Politique

Éthiopie : une plainte en vue contre la détention de neuf journalistes

L’avocat des journalistes et blogueurs éthiopiens arrêtés en avril a déclaré jeudi vouloir déposer une plainte contre leur détention sans inculpation. Plusieurs ONG ont condamné le gouvernement, qu’elles accusent de museler l’opposition.

Par
Mis à jour le 18 juillet 2014 à 12:08

Des mains derrière un grillage dans un centre de détention. © AFP

Il ne fait pas bon être journaliste en Éthiopie. Arrêtés les 25 et 26 avril, six contributeurs du blog Zone9 et trois rédacteurs de diverses publications nationales sont accusés par les autorités de "crimes graves". L’avocat de huit des neuf suspects a annoncé, jeudi 17 juillet, qu’il allait déposer une plainte contre leur détention sans inculpation depuis bientôt trois mois.

> > Lire aussi : Éthiopie : 9 journalistes et blogueurs interpellés pour "activités criminelles graves"

Le blog Zone9, souvent critique à l’égard des autorités et inaccessible en Éthiopie, affirme sur son site que les neuf personnes arrêtées sont désormais suspectées d’"appartenance à une organisation clandestine" et de liens "avec des organisations terroristes à l’étranger".

Selon ce blog, les suspects avaient été initialement accusés d’avoir "travaillé avec des militants des droits de l’homme étrangers (…) et d’avoir incité à la violence via les réseaux sociaux pour déstabiliser le pays".

Une détention "illégale"

Pour l’avocat, Amaha Mekonnen, leur détention est illégale. "Nous attendons toujours qu’ils soient inculpés. Je vais déposer une plainte contre la police, demandant à la justice de contraindre la police à les libérer". Selon lui, ses clients sont actuellement dans un vide juridique : la justice n’a, pour le moment, ni autorisé la police à poursuivre leur détention, ni permis leur libération sous caution.

"Il s’agit clairement d’une campagne du gouvernement pour faire le ménage" parmi ceux qui critiquent le parti au pouvoir, a poursuivi l’avocat.
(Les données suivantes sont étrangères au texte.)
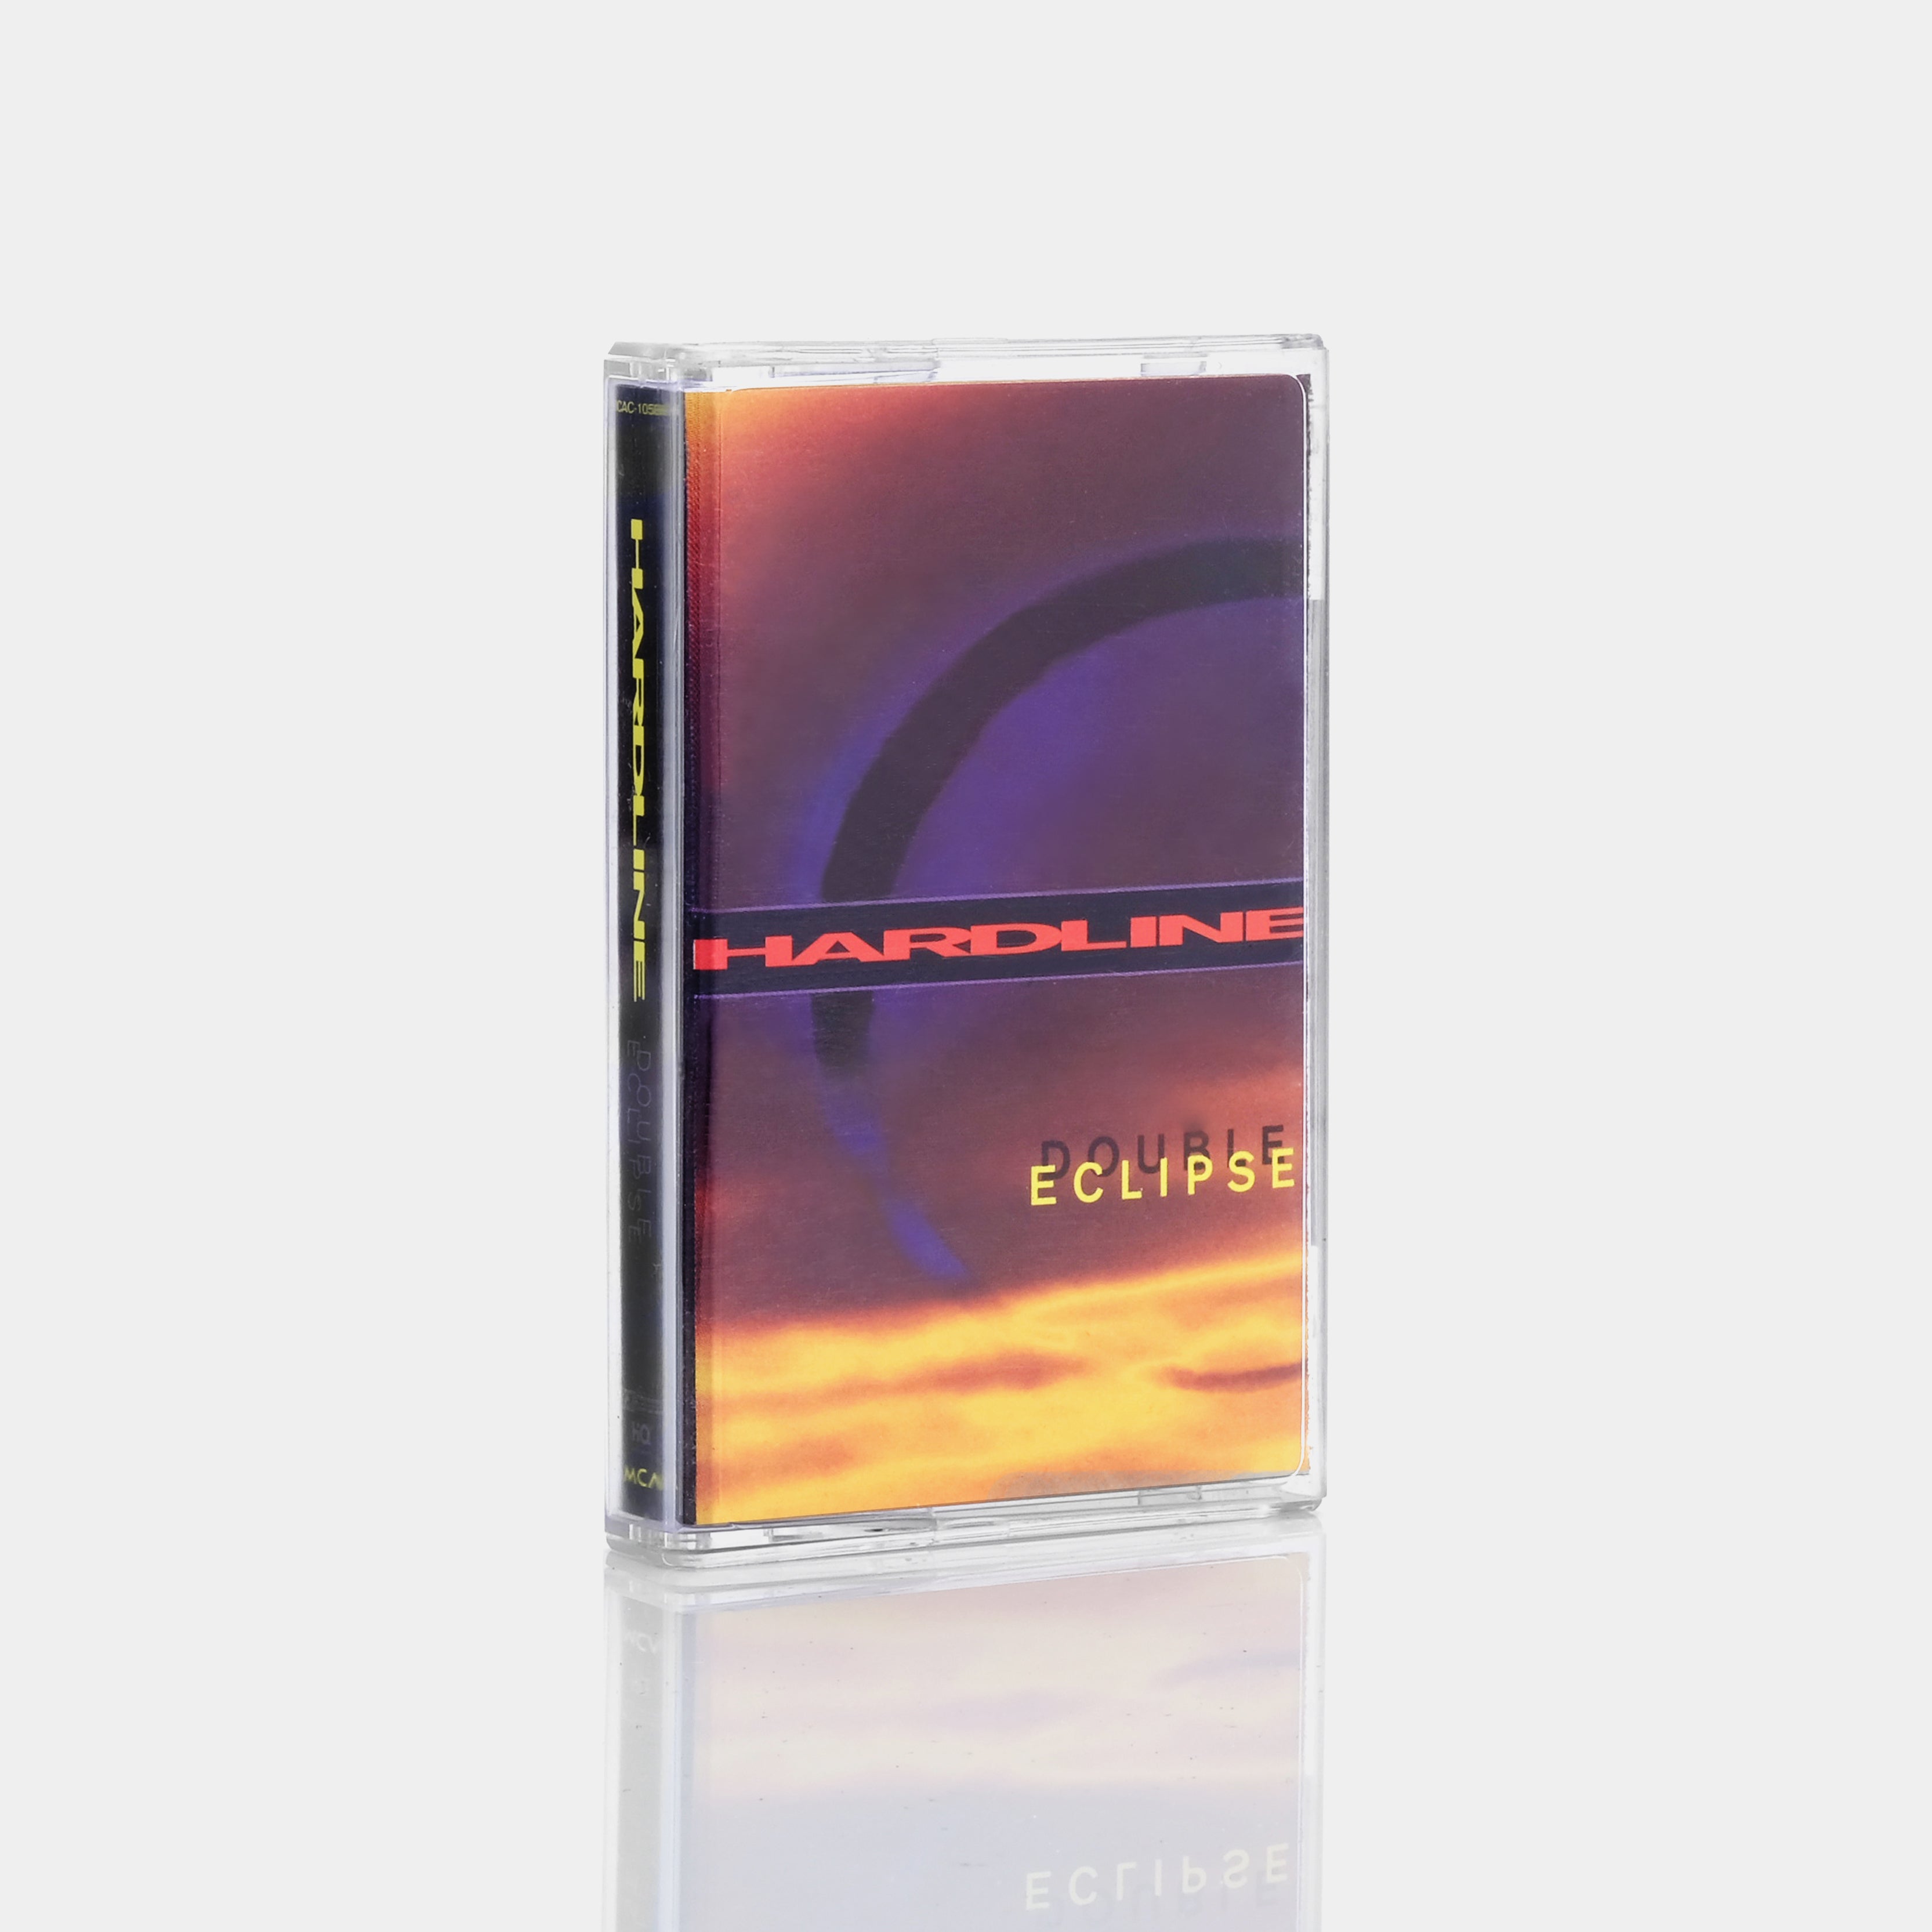 Hardline - Double Eclipse Cassette Tape

Il a également assuré que ses clients avaient été arrêtés "sans preuves suffisantes". Mais le gouvernement a affirmé que les suspects étaient détenus dans le respect de la loi.

"Ils sont soupçonnés pour leurs liens avec ces éléments qui sont déterminés à renverser ce gouvernement par des moyens inconstitutionnels", a déclaré le ministre de la Communication, Redwan Hussein.

La situation de la liberté de la presse en Éthiopie est considérée comme l’une des plus préoccupantes au monde, avec notamment 49 journalistes éthiopiens qui vivent en exil, selon le Comité de protection des journalistes (CPJ).

Volonté de réduire au silence les voix dissidentes

Plusieurs ONG de défense des droits de l’Homme et de la liberté de la presse ont condamné les arrestations des neuf blogueurs et journalistes. Elles ont accusé le pouvoir éthiopien de vouloir réduire au silence les voix dissidentes à l’approche d’élections en mai 2015.

"Les autorités éthiopiennes tentent de donner l’impression que cette affaire est judiciaire quand, en réalité, il s’agit de représailles et d’une tentative de faire taire les détracteurs du gouvernement", a estimé Tom Rhodes du CPJ.

Mais le ministre de la Communication a rejeté ces accusations. Il a assuré que les médias indépendants étaient autorisés en Éthiopie. "Ceux qui critiquent sont déjà ici à Addis[-Abeba] et publient tous les jours", a-t-il lancé.

Plusieurs journalistes, militants et opposants ont été condamnés ces dernières années en Éthiopie sur la base d’une loi antiterroriste controversée, dont le caractère vague permet, selon ses détracteurs, d’étouffer la liberté d’expression et de museler les dissidences.